*** Begin section ***
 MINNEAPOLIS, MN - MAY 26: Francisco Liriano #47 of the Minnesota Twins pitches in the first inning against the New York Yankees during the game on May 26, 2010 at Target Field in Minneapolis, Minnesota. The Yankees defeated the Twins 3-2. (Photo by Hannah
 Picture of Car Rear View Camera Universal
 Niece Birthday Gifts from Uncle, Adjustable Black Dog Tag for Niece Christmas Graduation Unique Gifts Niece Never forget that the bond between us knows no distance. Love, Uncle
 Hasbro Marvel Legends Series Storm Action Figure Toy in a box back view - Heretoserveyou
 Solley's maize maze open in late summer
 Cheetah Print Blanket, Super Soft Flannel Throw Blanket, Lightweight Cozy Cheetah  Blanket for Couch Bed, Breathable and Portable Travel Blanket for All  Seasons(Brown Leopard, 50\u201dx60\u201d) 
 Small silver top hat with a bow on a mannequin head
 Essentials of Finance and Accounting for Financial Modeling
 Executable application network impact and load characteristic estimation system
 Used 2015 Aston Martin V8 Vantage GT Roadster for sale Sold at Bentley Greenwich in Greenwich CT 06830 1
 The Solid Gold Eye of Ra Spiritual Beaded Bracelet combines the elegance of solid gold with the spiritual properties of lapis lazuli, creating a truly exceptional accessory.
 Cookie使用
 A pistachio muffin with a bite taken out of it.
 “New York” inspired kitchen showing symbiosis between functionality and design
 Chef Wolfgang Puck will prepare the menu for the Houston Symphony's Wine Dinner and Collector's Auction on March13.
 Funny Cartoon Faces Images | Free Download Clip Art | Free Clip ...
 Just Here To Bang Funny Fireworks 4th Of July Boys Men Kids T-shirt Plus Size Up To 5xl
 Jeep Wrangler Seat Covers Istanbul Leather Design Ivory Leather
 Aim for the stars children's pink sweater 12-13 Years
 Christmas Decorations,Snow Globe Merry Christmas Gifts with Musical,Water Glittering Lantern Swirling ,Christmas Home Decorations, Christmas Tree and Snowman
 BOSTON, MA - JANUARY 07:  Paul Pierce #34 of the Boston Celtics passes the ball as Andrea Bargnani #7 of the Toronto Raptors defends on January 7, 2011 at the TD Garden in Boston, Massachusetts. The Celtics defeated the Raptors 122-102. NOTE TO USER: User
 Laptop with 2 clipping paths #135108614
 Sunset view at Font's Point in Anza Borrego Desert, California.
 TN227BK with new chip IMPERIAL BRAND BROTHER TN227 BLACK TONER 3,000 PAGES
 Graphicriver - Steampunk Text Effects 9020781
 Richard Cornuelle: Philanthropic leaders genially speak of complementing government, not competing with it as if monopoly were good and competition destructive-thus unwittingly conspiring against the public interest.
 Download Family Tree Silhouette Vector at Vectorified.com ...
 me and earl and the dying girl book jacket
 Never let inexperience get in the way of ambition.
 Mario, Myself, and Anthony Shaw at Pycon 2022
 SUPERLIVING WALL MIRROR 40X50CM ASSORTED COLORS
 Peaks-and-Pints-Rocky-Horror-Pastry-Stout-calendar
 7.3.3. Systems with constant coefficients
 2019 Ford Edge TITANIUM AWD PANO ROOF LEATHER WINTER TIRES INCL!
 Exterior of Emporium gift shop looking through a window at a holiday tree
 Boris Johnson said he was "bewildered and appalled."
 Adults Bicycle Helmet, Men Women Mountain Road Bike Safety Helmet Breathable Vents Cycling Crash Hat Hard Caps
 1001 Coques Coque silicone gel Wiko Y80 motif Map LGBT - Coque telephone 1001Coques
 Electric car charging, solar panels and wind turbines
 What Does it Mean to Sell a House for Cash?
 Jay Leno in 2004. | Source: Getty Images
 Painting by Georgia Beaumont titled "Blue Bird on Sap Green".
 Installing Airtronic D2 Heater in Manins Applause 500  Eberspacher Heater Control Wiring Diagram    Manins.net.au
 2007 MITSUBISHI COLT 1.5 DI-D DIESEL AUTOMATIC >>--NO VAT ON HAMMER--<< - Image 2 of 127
*** End section ***
> _Requirement_
Output the material above exactly, but only from the line that carries "Exterior of Emporium" through the line that carries "Painting by Georgia".

> _Answer space_
 Exterior of Emporium gift shop looking through a window at a holiday tree
 Boris Johnson said he was "bewildered and appalled."
 Adults Bicycle Helmet, Men Women Mountain Road Bike Safety Helmet Breathable Vents Cycling Crash Hat Hard Caps
 1001 Coques Coque silicone gel Wiko Y80 motif Map LGBT - Coque telephone 1001Coques
 Electric car charging, solar panels and wind turbines
 What Does it Mean to Sell a House for Cash?
 Jay Leno in 2004. | Source: Getty Images
 Painting by Georgia Beaumont titled "Blue Bird on Sap Green".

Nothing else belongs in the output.